Tekortkoming – schending financiële informatieplicht
4.30.
Aan de stelling dat Fun & Forest c.s. tekort is geschoten in de nakoming van de samenwerkingsovereenkomst heeft VNU-EE verder ten grondslag gelegd dat Fun & Forest zich schuldig heeft gemaakt aan gebrekkige financiële informatieverstrekking aan VNU-EE.
4.31.
Vooropgesteld wordt dat - in aanvulling op de algemene informatieplicht in artikel 4 van de samenwerkingsovereenkomst - in artikel 3 lid 5 en 6 is bepaald dat aan VNU-EE de balans en de resultatenrekening van de voorgaande kalanderjaar dient te worden verstrekt, alsmede een prognose voor het volgende jaar. Uit de in nr. 2.24 van dit vonnis samengevatte correspondentie leidt de rechtbank af dat Fun & Forest, althans 54Events VNU-EE steeds heeft geïnformeerd over haar (jaar)cijfers. Weliswaar voert VNU-EE in deze procedure aan dat deze cijfers over de periode vanaf 2013 tot heden niet compleet waren, maar vast staat dat VNU-EE tot aan het ontstaan van het onderhavige geschil begin 2018, steeds heeft ingestemd met de wijze van informatieverstrekking door 54Events, althans daarover in ieder geval nimmer heeft geklaagd. De rechtbank gaat er daarom vanuit dat Fun & Forest, althans 54Events tot begin 2018 naar genoegen van VNU-EE heeft voldaan aan haar verplichtingen ten aanzien van de financiële informatieverstrekking. Daar kan VNU-EE niet achteraf op terugkomen. De jaarrekening 2018 is voorts aan VNU-EE verstrekt op 22 februari 2019, en de begroting voor 2019 op 29 november 2018, zodat ook hieruit niet kan worden afgeleid dat Fun & Forest of 54Events is tekortgeschoten in de financiële informatieverstrekking aan VNU-EE.
4.32.
VNU-EE stelt zich sinds begin 2018 op het standpunt dat Fun & Forest verplicht is tot het verstrekken van een aansluiting van de projectcijfers op de jaarrekeningen en het budget, een balans en cashflow analyse waaruit de investeringen blijken (historisch en toekomstig), en alle materiele overeenkomsten met derden waaronder afspraken met venues, meerjarencontracten en personeel. De rechtbank is echter van oordeel dat Fun & Forest c.s. in dit kader voldoende heeft toegelicht dat deze gegevens niet eenvoudig boven water te halen zijn in de administratie, nu die administratie daarop niet is ingericht, omdat VNU-EE daar in de jarenlange samenwerking vanaf 2013 nooit om heeft gevraagd. De samenwerkingsovereenkomst voorziet ook niet in een verplichting van Fun & Forest of 54Events om de door VNU-EE nu gevraagde informatie te verstrekken. Fun & Forest en 54Events handelen dus niet in strijd met de samenwerkingsovereenkomst, door die informatie niet te verstrekken. Daarbij komt dat de samenwerkingsovereenkomst (artikel 3 lid 7) reeds voorziet in een remedie voor het geval VNU-EE nadere informatie wenst uit de financiële administratie van 54Events, namelijk door een registeraccountant inzage te laten nemen in die administratie. Fun & Forest c.s. heeft ook in het kader van deze procedure toegezegd daaraan medewerking te verlenen. De omstandigheid dat dat onderzoek nog niet heeft plaatsgevonden doet aan die bereidheid van Fun & Forest c.s. niet af, nu het initiatief voor dat onderzoek bij VNU-EE rust en niet bij Fun & Forest c.s.
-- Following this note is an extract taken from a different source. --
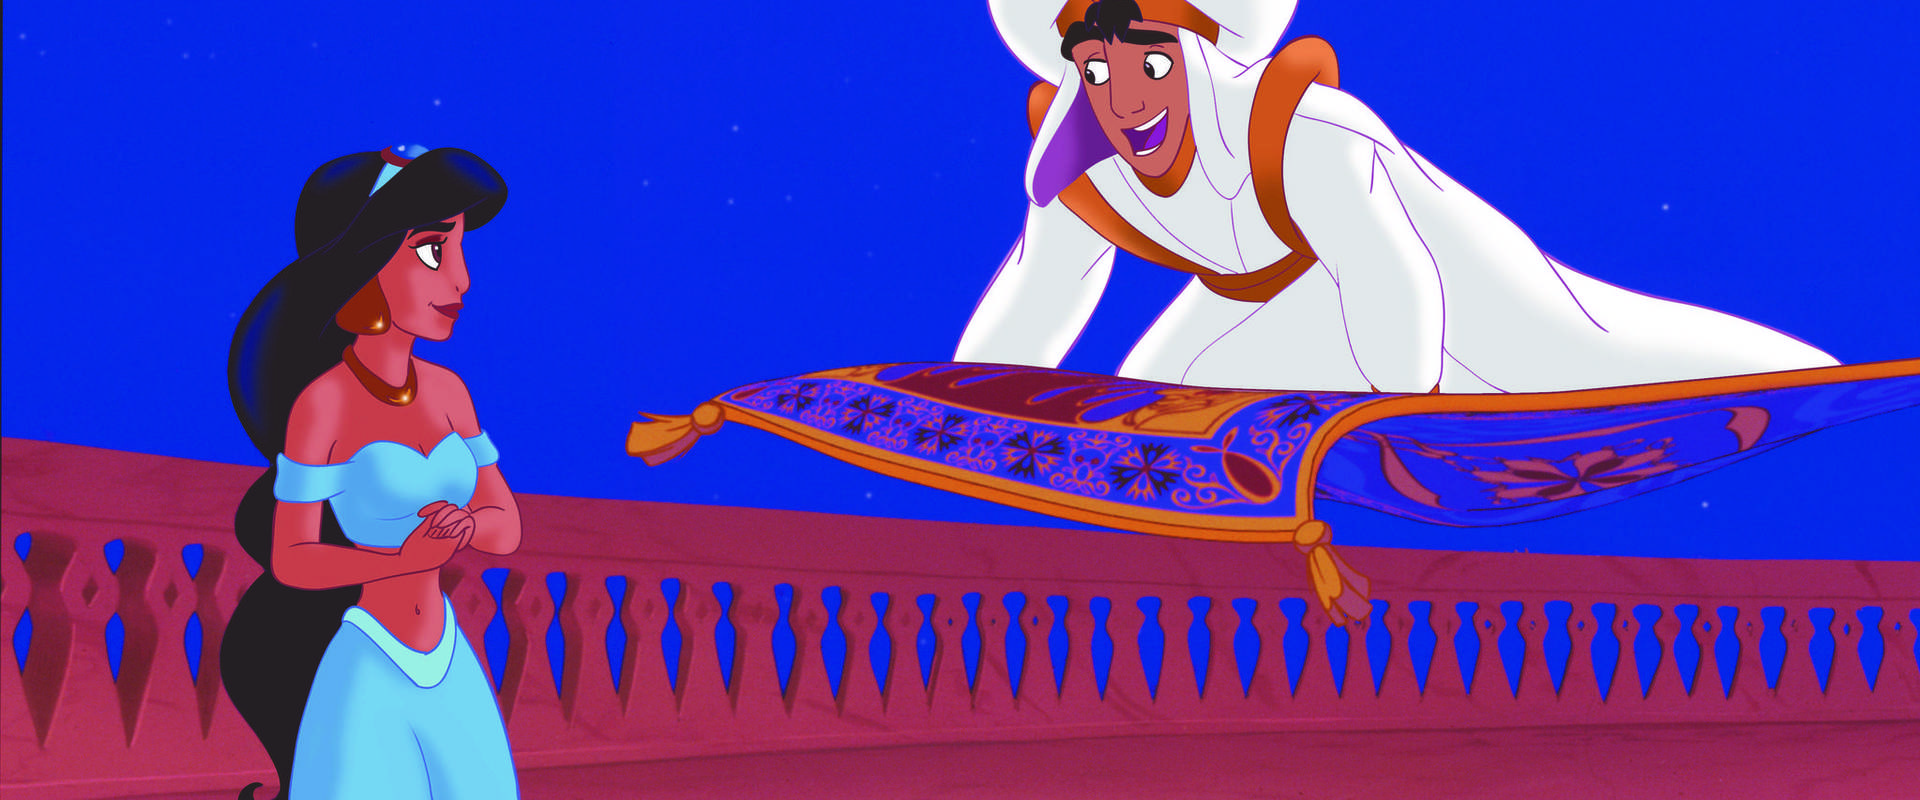 Aladdin background 2

Consequenties voor vorderingen 2G, 1A, 1B, 2A en 2B
4.33.
Gelet op hetgeen in reconventie is overwogen over de ongeldigheid van de opzegging van de samenwerkingsovereenkomst door Fun & Forest, zal vordering 2G (de verklaring voor recht dat de samenwerkingsovereenkomst voortduurt) worden toegewezen op de wijze zoals in de beslissing vermeld.
4.34.
Nu niet is gebleken dat Fun & Forest is tekort geschoten in de nakoming van haar verplichtingen uit de samenwerkingsovereenkomst, zijn vorderingen 1A en 1B (verklaring voor recht en verwijzing naar schadestaatprocedure) niet toewijsbaar.
4.35.
Ten aanzien van vordering 2A (verbod tot het uitvoeren van andere activiteiten dan de beurs Ecomobiel zonder overleg met VNU-EE) wordt overwogen dat ook voor toekomstige activiteiten op Fun & Forest de verplichting rust tot het verstrekken van informatie aan VNU-EE en het voeren van overleg (in de zin van artikel 4 van de samenwerkingsovereenkomst). Anders dan VNU-EE veronderstelt, is niet overeengekomen dat het Fun & Forest c.s. bij overtreding van die verplichting verboden is om nieuwe activiteiten uit voeren. Dat ligt ook niet voor de hand, omdat geen
toestemmingvan VNU-EE is vereist. De vordering strekkende tot het opleggen van een verbod om andere activiteiten te verrichten dan de beurs Ecomobiel zonder overleg met VNU-EE is in die zin onvoldoende door VNU-EE gemotiveerd. Vordering 2A zal daarom worden afgewezen.
4.36.
Vordering 2B is in zoverre toewijsbaar, dat Fun & Forest verplicht is VNU-EE op de hoogte te stellen van alle relevante aangelegenheden met betrekking tot 54Events (conform de tekst van artikel 4 lid 1 van de samenwerkingsovereenkomst). Vordering 2B wordt voor het overige afgewezen, omdat gelet op het voorgaande voor de gevorderde verdergaande informatieverplichtingen van Fun & Forest geen grondslag bestaat. Voor toewijzing van de gevorderde dwangsom ziet de rechtbank onvoldoende aanleiding, omdat niet is gebleken dat Fun & Forest tot op heden is tekortgeschoten in de nakoming van haar informatieverplichtingen.
4.37.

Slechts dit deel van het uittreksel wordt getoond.